WHAT IS NEEDED:
Return each entry below without any alteration.
- - -
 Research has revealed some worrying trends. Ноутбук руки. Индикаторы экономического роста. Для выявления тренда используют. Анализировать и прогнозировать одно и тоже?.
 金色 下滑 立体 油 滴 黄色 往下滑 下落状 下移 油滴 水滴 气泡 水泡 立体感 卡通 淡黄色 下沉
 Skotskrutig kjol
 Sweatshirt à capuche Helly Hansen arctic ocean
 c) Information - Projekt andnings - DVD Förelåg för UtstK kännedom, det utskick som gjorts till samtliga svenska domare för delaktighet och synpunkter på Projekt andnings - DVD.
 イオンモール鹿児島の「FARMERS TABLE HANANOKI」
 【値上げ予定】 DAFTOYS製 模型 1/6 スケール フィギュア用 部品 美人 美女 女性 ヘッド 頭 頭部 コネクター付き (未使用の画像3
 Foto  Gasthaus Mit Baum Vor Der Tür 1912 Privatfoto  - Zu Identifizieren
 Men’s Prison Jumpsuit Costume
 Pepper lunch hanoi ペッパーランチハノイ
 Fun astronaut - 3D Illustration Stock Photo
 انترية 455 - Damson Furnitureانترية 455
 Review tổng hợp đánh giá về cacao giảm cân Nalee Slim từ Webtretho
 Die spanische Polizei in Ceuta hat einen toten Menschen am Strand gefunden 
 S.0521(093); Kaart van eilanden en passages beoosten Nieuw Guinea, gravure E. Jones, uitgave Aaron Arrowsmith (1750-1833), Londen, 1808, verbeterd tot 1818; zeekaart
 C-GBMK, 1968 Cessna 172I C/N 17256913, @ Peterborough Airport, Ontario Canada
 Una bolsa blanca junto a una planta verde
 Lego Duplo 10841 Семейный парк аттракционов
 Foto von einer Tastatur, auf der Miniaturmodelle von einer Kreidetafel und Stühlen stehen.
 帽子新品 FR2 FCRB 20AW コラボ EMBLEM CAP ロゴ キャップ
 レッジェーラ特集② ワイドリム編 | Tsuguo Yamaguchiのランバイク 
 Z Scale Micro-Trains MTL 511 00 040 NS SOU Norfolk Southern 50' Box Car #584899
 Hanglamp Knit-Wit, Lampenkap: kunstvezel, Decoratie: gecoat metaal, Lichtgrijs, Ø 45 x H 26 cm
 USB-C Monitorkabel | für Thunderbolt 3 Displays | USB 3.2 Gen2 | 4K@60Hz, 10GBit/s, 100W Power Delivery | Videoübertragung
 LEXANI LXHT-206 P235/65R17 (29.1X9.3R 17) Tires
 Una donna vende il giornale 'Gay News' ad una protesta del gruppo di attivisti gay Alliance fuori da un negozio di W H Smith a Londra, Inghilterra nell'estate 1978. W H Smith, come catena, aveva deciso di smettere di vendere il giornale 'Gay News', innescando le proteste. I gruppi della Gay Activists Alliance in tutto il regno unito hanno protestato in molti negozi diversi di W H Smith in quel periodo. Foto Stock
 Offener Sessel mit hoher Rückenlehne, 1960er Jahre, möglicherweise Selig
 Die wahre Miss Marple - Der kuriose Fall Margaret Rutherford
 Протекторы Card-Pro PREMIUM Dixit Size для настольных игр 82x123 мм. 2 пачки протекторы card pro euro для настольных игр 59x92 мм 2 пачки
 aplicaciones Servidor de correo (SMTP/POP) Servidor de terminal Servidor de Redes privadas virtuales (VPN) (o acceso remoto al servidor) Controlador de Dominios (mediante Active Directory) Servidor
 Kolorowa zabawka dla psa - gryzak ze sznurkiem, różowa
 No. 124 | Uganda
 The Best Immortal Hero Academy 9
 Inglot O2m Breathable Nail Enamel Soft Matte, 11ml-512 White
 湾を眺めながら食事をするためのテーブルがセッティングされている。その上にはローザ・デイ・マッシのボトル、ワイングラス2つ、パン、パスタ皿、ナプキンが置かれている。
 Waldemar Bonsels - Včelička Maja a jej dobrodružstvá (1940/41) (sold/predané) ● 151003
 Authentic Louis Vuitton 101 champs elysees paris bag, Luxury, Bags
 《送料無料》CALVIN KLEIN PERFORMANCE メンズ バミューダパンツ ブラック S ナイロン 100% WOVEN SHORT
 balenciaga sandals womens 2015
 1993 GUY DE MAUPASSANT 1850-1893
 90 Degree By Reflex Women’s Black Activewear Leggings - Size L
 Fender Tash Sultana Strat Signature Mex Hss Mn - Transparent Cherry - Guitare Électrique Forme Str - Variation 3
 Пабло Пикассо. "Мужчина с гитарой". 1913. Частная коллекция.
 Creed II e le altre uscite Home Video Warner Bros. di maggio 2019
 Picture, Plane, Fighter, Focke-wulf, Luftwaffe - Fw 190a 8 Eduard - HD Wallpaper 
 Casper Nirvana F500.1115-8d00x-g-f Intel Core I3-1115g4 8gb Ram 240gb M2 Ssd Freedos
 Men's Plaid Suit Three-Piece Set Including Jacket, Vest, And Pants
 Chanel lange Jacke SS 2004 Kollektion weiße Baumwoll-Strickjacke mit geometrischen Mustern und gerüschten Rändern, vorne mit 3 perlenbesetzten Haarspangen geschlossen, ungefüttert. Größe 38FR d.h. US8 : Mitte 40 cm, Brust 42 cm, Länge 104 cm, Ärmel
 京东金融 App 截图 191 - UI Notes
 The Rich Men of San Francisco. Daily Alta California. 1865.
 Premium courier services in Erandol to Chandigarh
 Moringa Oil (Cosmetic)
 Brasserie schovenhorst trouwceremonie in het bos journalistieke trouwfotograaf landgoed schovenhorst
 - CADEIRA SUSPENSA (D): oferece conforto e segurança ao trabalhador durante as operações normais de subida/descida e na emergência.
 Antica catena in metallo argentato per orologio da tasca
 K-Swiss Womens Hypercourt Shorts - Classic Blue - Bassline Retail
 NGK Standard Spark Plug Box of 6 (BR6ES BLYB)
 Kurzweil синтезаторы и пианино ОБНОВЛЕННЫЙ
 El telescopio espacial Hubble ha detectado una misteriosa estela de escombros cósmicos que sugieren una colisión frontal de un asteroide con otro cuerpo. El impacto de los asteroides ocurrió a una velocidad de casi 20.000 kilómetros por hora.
- - -
WRITTEN SOLUTION:
 Research has revealed some worrying trends. Ноутбук руки. Индикаторы экономического роста. Для выявления тренда используют. Анализировать и прогнозировать одно и тоже?.
 金色 下滑 立体 油 滴 黄色 往下滑 下落状 下移 油滴 水滴 气泡 水泡 立体感 卡通 淡黄色 下沉
 Skotskrutig kjol
 Sweatshirt à capuche Helly Hansen arctic ocean
 c) Information - Projekt andnings - DVD Förelåg för UtstK kännedom, det utskick som gjorts till samtliga svenska domare för delaktighet och synpunkter på Projekt andnings - DVD.
 イオンモール鹿児島の「FARMERS TABLE HANANOKI」
 【値上げ予定】 DAFTOYS製 模型 1/6 スケール フィギュア用 部品 美人 美女 女性 ヘッド 頭 頭部 コネクター付き (未使用の画像3
 Foto  Gasthaus Mit Baum Vor Der Tür 1912 Privatfoto  - Zu Identifizieren
 Men’s Prison Jumpsuit Costume
 Pepper lunch hanoi ペッパーランチハノイ
 Fun astronaut - 3D Illustration Stock Photo
 انترية 455 - Damson Furnitureانترية 455
 Review tổng hợp đánh giá về cacao giảm cân Nalee Slim từ Webtretho
 Die spanische Polizei in Ceuta hat einen toten Menschen am Strand gefunden 
 S.0521(093); Kaart van eilanden en passages beoosten Nieuw Guinea, gravure E. Jones, uitgave Aaron Arrowsmith (1750-1833), Londen, 1808, verbeterd tot 1818; zeekaart
 C-GBMK, 1968 Cessna 172I C/N 17256913, @ Peterborough Airport, Ontario Canada
 Una bolsa blanca junto a una planta verde
 Lego Duplo 10841 Семейный парк аттракционов
 Foto von einer Tastatur, auf der Miniaturmodelle von einer Kreidetafel und Stühlen stehen.
 帽子新品 FR2 FCRB 20AW コラボ EMBLEM CAP ロゴ キャップ
 レッジェーラ特集② ワイドリム編 | Tsuguo Yamaguchiのランバイク 
 Z Scale Micro-Trains MTL 511 00 040 NS SOU Norfolk Southern 50' Box Car #584899
 Hanglamp Knit-Wit, Lampenkap: kunstvezel, Decoratie: gecoat metaal, Lichtgrijs, Ø 45 x H 26 cm
 USB-C Monitorkabel | für Thunderbolt 3 Displays | USB 3.2 Gen2 | 4K@60Hz, 10GBit/s, 100W Power Delivery | Videoübertragung
 LEXANI LXHT-206 P235/65R17 (29.1X9.3R 17) Tires
 Una donna vende il giornale 'Gay News' ad una protesta del gruppo di attivisti gay Alliance fuori da un negozio di W H Smith a Londra, Inghilterra nell'estate 1978. W H Smith, come catena, aveva deciso di smettere di vendere il giornale 'Gay News', innescando le proteste. I gruppi della Gay Activists Alliance in tutto il regno unito hanno protestato in molti negozi diversi di W H Smith in quel periodo. Foto Stock
 Offener Sessel mit hoher Rückenlehne, 1960er Jahre, möglicherweise Selig
 Die wahre Miss Marple - Der kuriose Fall Margaret Rutherford
 Протекторы Card-Pro PREMIUM Dixit Size для настольных игр 82x123 мм. 2 пачки протекторы card pro euro для настольных игр 59x92 мм 2 пачки
 aplicaciones Servidor de correo (SMTP/POP) Servidor de terminal Servidor de Redes privadas virtuales (VPN) (o acceso remoto al servidor) Controlador de Dominios (mediante Active Directory) Servidor
 Kolorowa zabawka dla psa - gryzak ze sznurkiem, różowa
 No. 124 | Uganda
 The Best Immortal Hero Academy 9
 Inglot O2m Breathable Nail Enamel Soft Matte, 11ml-512 White
 湾を眺めながら食事をするためのテーブルがセッティングされている。その上にはローザ・デイ・マッシのボトル、ワイングラス2つ、パン、パスタ皿、ナプキンが置かれている。
 Waldemar Bonsels - Včelička Maja a jej dobrodružstvá (1940/41) (sold/predané) ● 151003
 Authentic Louis Vuitton 101 champs elysees paris bag, Luxury, Bags
 《送料無料》CALVIN KLEIN PERFORMANCE メンズ バミューダパンツ ブラック S ナイロン 100% WOVEN SHORT
 balenciaga sandals womens 2015
 1993 GUY DE MAUPASSANT 1850-1893
 90 Degree By Reflex Women’s Black Activewear Leggings - Size L
 Fender Tash Sultana Strat Signature Mex Hss Mn - Transparent Cherry - Guitare Électrique Forme Str - Variation 3
 Пабло Пикассо. "Мужчина с гитарой". 1913. Частная коллекция.
 Creed II e le altre uscite Home Video Warner Bros. di maggio 2019
 Picture, Plane, Fighter, Focke-wulf, Luftwaffe - Fw 190a 8 Eduard - HD Wallpaper 
 Casper Nirvana F500.1115-8d00x-g-f Intel Core I3-1115g4 8gb Ram 240gb M2 Ssd Freedos
 Men's Plaid Suit Three-Piece Set Including Jacket, Vest, And Pants
 Chanel lange Jacke SS 2004 Kollektion weiße Baumwoll-Strickjacke mit geometrischen Mustern und gerüschten Rändern, vorne mit 3 perlenbesetzten Haarspangen geschlossen, ungefüttert. Größe 38FR d.h. US8 : Mitte 40 cm, Brust 42 cm, Länge 104 cm, Ärmel
 京东金融 App 截图 191 - UI Notes
 The Rich Men of San Francisco. Daily Alta California. 1865.
 Premium courier services in Erandol to Chandigarh
 Moringa Oil (Cosmetic)
 Brasserie schovenhorst trouwceremonie in het bos journalistieke trouwfotograaf landgoed schovenhorst
 - CADEIRA SUSPENSA (D): oferece conforto e segurança ao trabalhador durante as operações normais de subida/descida e na emergência.
 Antica catena in metallo argentato per orologio da tasca
 K-Swiss Womens Hypercourt Shorts - Classic Blue - Bassline Retail
 NGK Standard Spark Plug Box of 6 (BR6ES BLYB)
 Kurzweil синтезаторы и пианино ОБНОВЛЕННЫЙ
 El telescopio espacial Hubble ha detectado una misteriosa estela de escombros cósmicos que sugieren una colisión frontal de un asteroide con otro cuerpo. El impacto de los asteroides ocurrió a una velocidad de casi 20.000 kilómetros por hora.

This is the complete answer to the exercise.